Dave Smith, secretary of the Blacklist Support Group, welcomed Martin’s letter, although the report had “sat on the commissioner’s desk for the past two years.” He said, “Six years we’ve waited for this. … When we first talked about police collusion in blacklisting, people thought we were conspiracy theorists. We were told ‘Things like that don’t happen here’.”

Smith said that with Martin’s letter “our quest for the truth has been vindicated.” The police “infiltrated trade unions and provided intelligence to an unlawful corporate conspiracy.” He called for the current public inquiry into undercover policing to be “open and transparent,” to reveal fully “how police intelligence was shared with private sector third parties including major companies.”

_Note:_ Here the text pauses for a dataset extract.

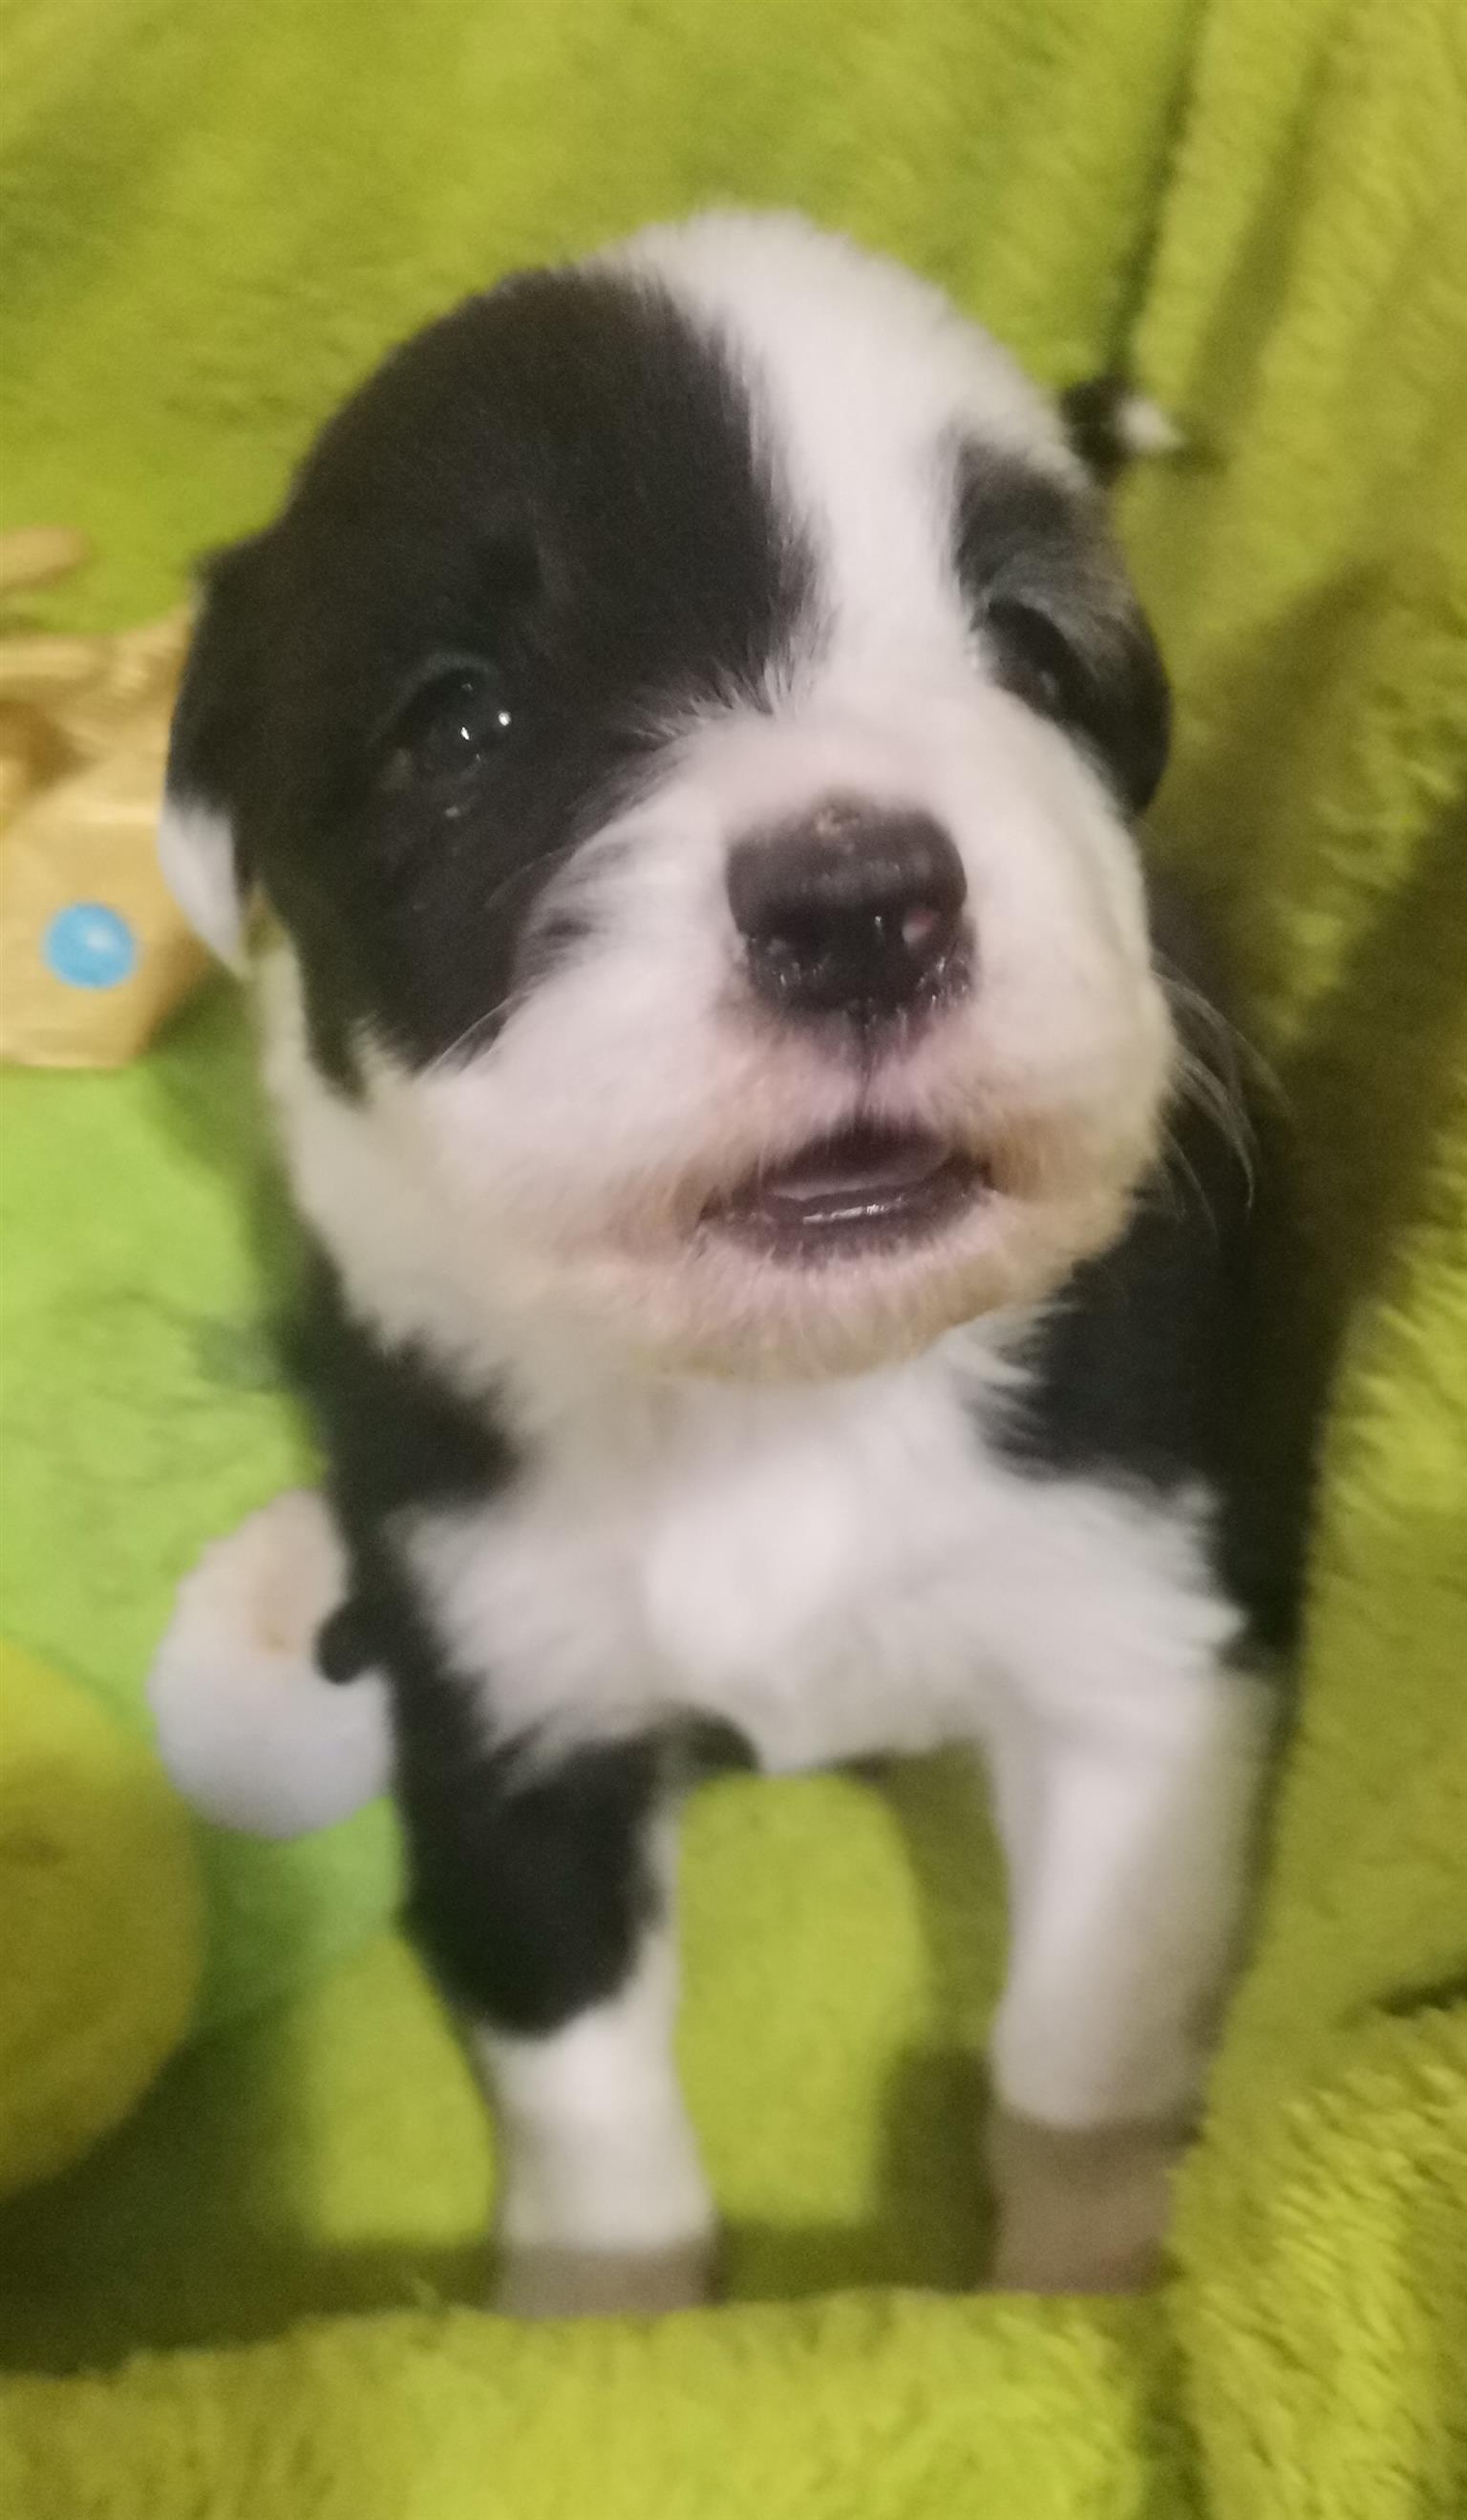 Bordercollie puppy's / skaaphondjies. 1 female and 5 males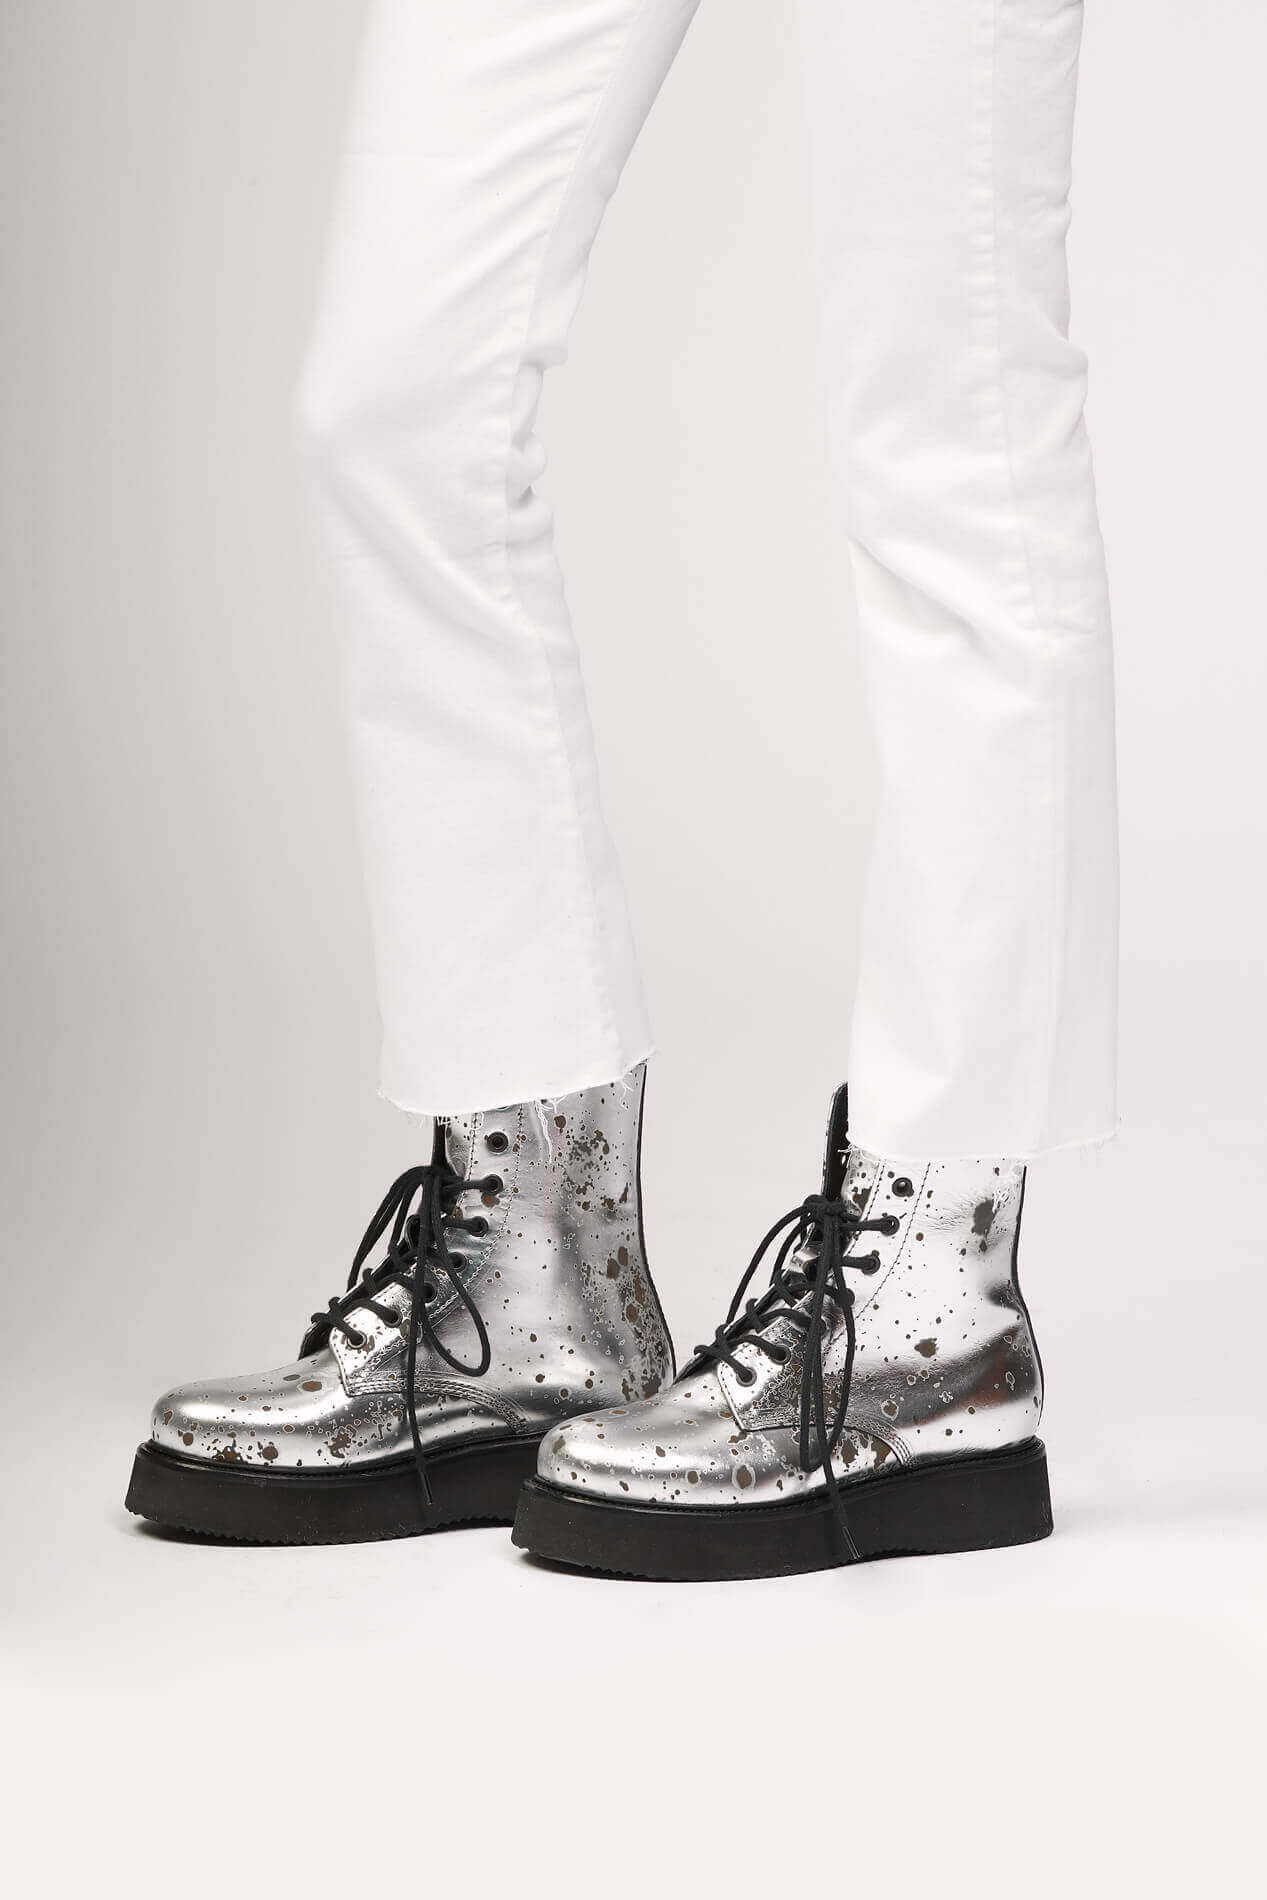 ARMY MOON BOOT Silver leather boots. Black laces. Sole height: 4 cm. Made in Italy. HTC LOS ANGELES

Having been forced to reveal the collusion of the police in the monitoring and blacklisting of construction workers, the state are now attempting to kick the ball back into the long grass. In apologising “for the delay in providing the complainants with the outcome” the MPS said its investigation had focused on “allegations that members of the [SDS] and MPS Special Branch provided information.”

The investigation was Operation Herne, under Chief Constable Mick Creedon. This looked at allegations of crime and misconduct by SDS specifically, but Martin’s letter suggests the information may have been supplied by other agencies within the police.

Operation Herne “concluded that the MPS had provided information … but there was no evidence this had been done by members of the SDS.” Crucially, it noted, “The investigation did not consider the conduct of other law enforcement bodies.”

Having admitted collusion, the police have now deferred consideration of it to the Undercover Policing Public Inquiry (UCPI), saying they will “await the conclusions of the UCPI before considering what steps should be taken next.” They put it more plainly when addressing the blacklisted workers: “until the UCPI has assessed all the evidence, no further action will be taken.”

That inquiry only reveals how the police hope to continue their cover-up. Launched in 2015 to investigate the infiltration of campaigning groups by undercover police officers using false identities, it is now long over schedule. It should already have delivered its final report, but, in the same week as Martin’s letter, a statement was being read to the UCPI from campaign groups condemning its chairman Sir John Mitting for refusing to identify some of the officers involved. Around 60 campaigners and victims then walked out of the inquiry after the statement, which accused Mitting of “scant and largely uninformative” thinking behind his defence of anonymity.

Three years on and campaigners are left demanding that Mitting recuse himself and appoint a new panel.

Phillippa Kaufmann QC, for the campaigners, told Mitting that core participants in the inquiry were unable to participate meaningfully because of his decisions on anonymity. As Cathy, a spokesperson from the group Police Spies Out Of Lives, put it, without knowing “What were the cover names, and which groups were being spied on” it is “nigh-on impossible for people to come forward and say this is what happened to me and my group.”

Doreen Lawrence, mother of murdered teenager Stephen Lawrence, whose family were spied on by undercover police, told press that Mitting “is turning what should be a transparent, accountable and public hearing into an inquiry cloaked in secrecy and anonymity.” In Kaufmann’s words, “If you don’t get this right now, then so much of what has gone wrong with undercover operations will remain secret.”

This level of confusion and limitation of the inquiry’s scope is part and parcel of a broader strategy of confining and nullifying criticism of police infiltration. The focus on SDS’s activities already means that police collusion outside that body becomes harder to pin down. However, Mitting’s enthusiastic granting of anonymity has revealed further police departments involved in infiltration and observation. Considering the question of anonymity for officer “HN336,” an inquiry document notes that among his “many posts” in the MPS “following his SDS deployment were the following: the Industrial Intelligence Section and working at the ports.”